• Task instructions
Below are records to give again exactly; omit each image they contain.

• Source data

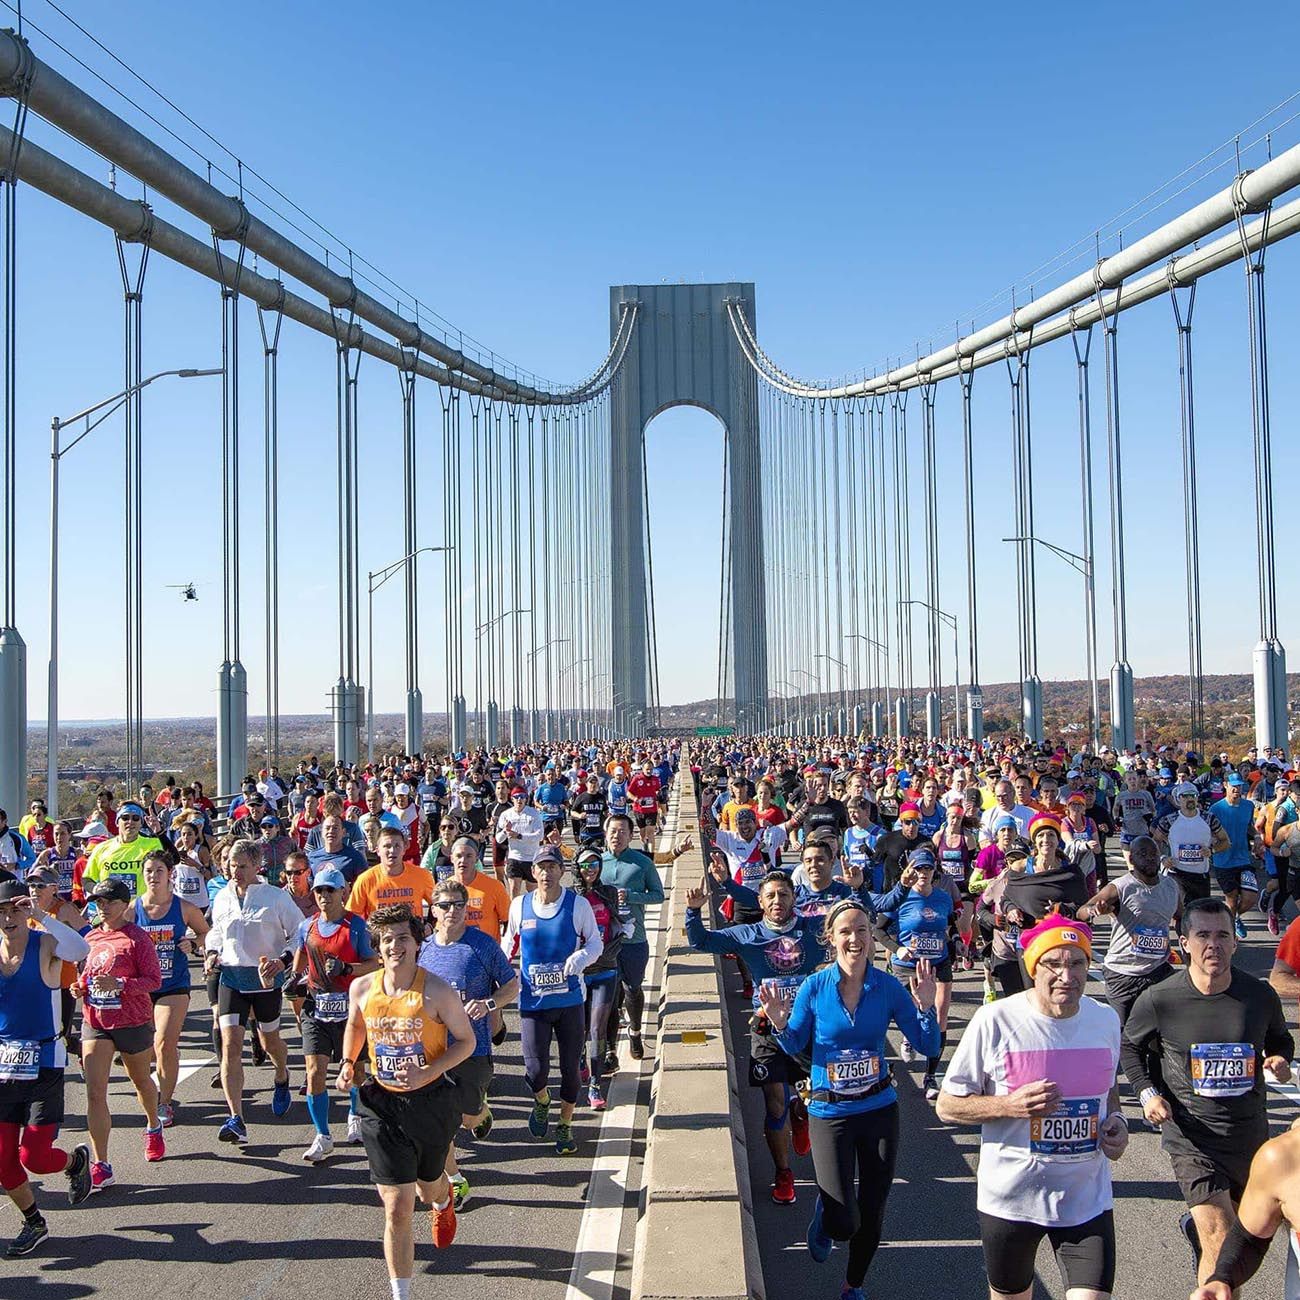 Maratonianos en la maratón de nueva york
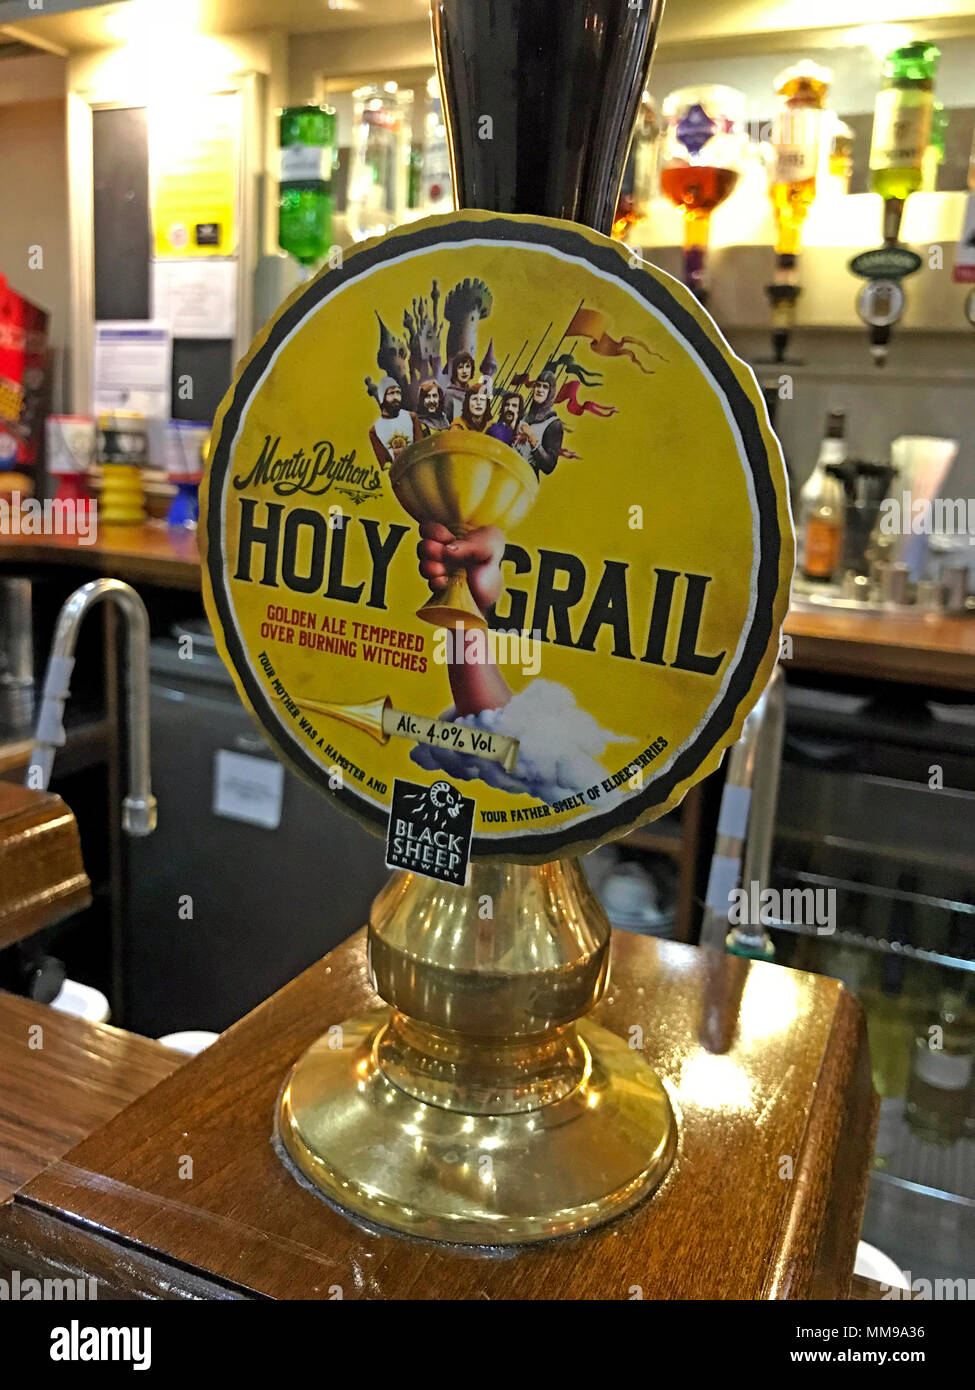 Black Sheep (Monty Pythons) Holy Graal bière amère CAMRA, pompe sur un bar, Angleterre, Royaume-Uni Banque D'Images
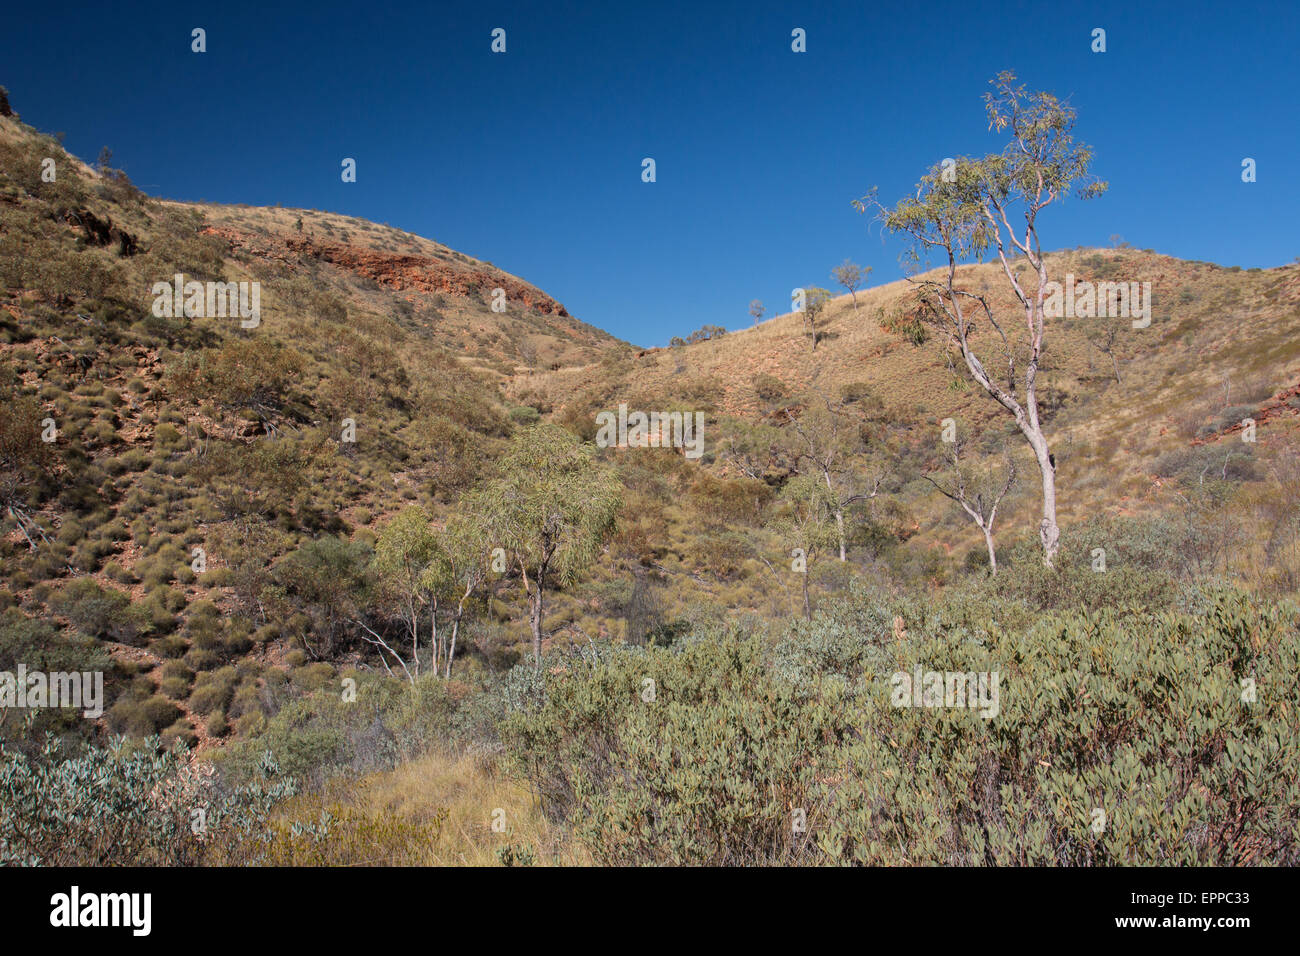 Vallée de végétation à Ormiston Gorge, dans une région aride des West MacDonnell Ranges, Territoire du Nord, Australie Banque D'Images
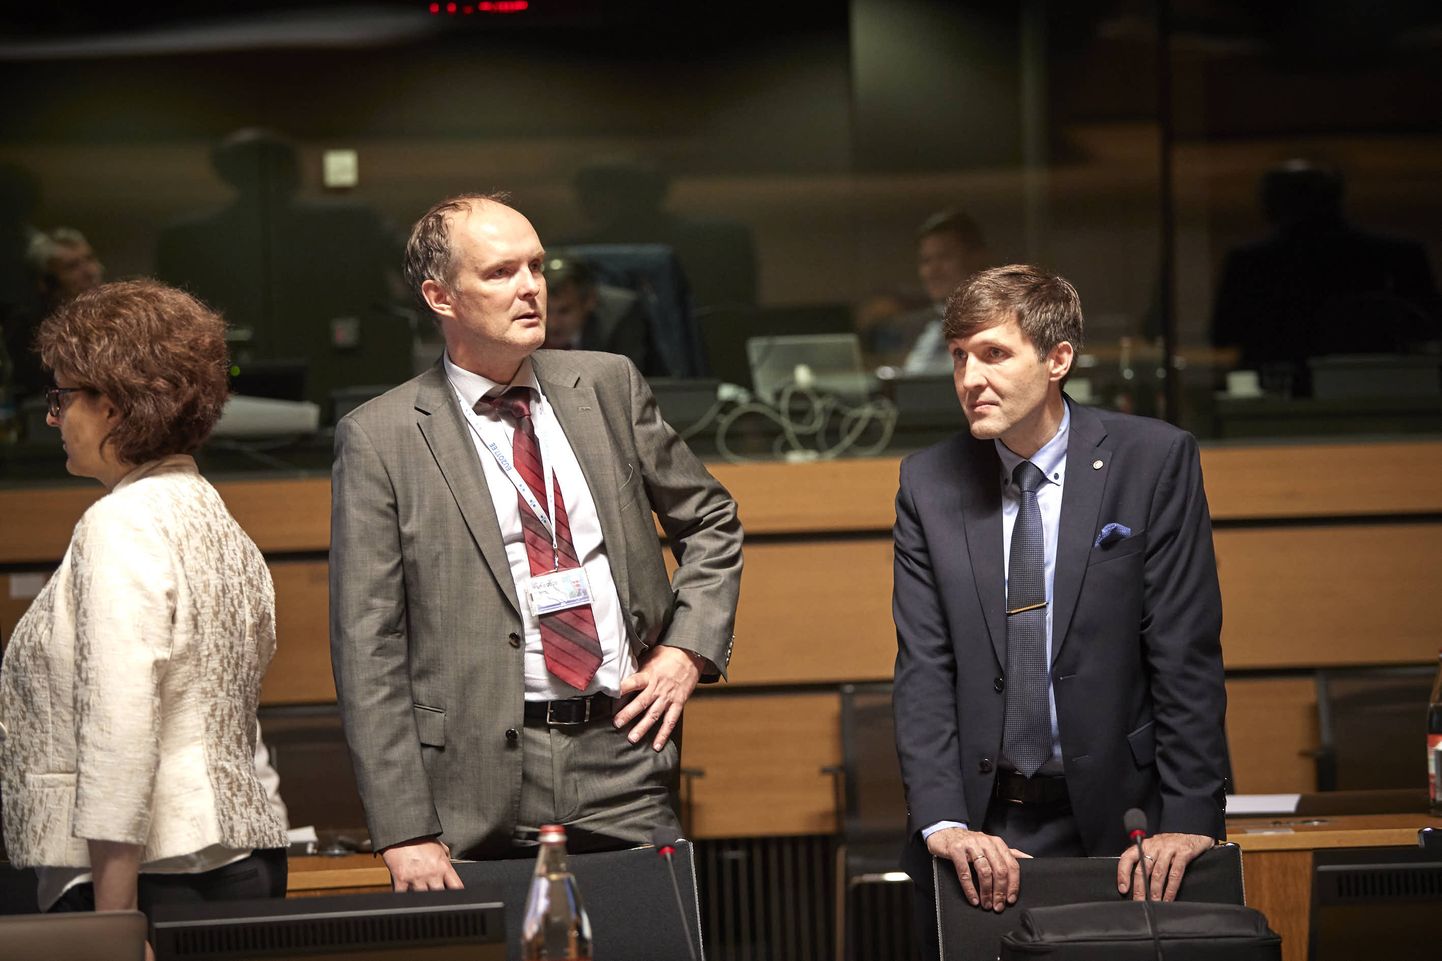 Eesti rahandusminister Martin Helme (paremal) ja ministeeriumi nõunik Priit Potisepp (vasakul) neljapäeval euroala rahandusministrite (Ecofin) kohtumisel.
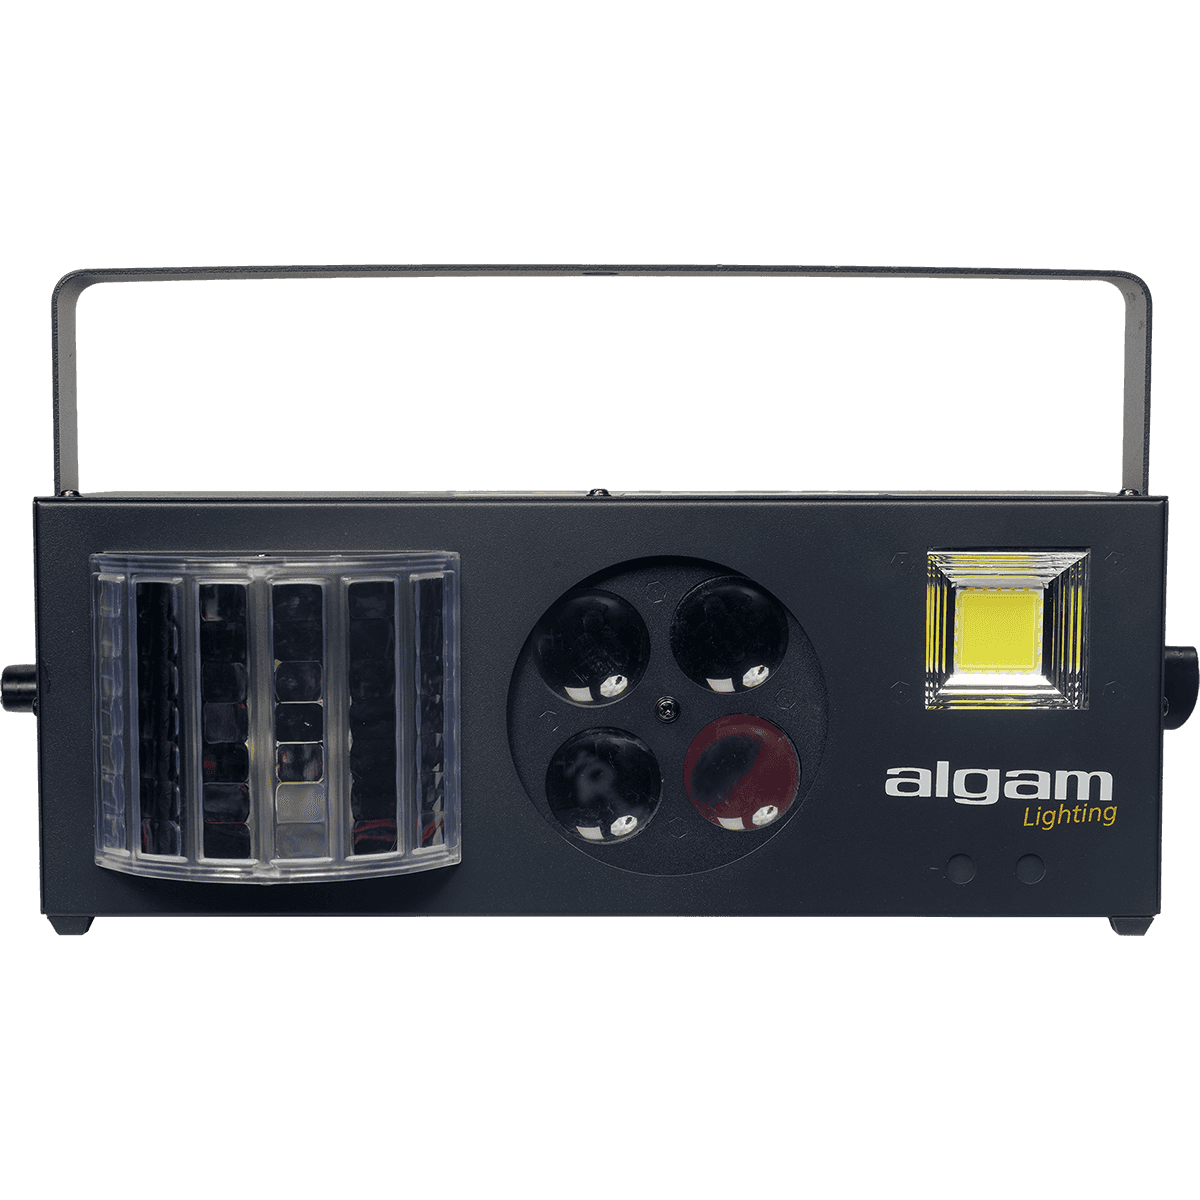 ALGAM LIGHTING Hybrid 4

• Solution
 Maratonianos en la maratón de nueva york
 Black Sheep (Monty Pythons) Holy Graal bière amère CAMRA, pompe sur un bar, Angleterre, Royaume-Uni Banque D'Images
 Vallée de végétation à Ormiston Gorge, dans une région aride des West MacDonnell Ranges, Territoire du Nord, Australie Banque D'Images
 Eesti rahandusminister Martin Helme (paremal) ja ministeeriumi nõunik Priit Potisepp (vasakul) neljapäeval euroala rahandusministrite (Ecofin) kohtumisel.
 ALGAM LIGHTING Hybrid 4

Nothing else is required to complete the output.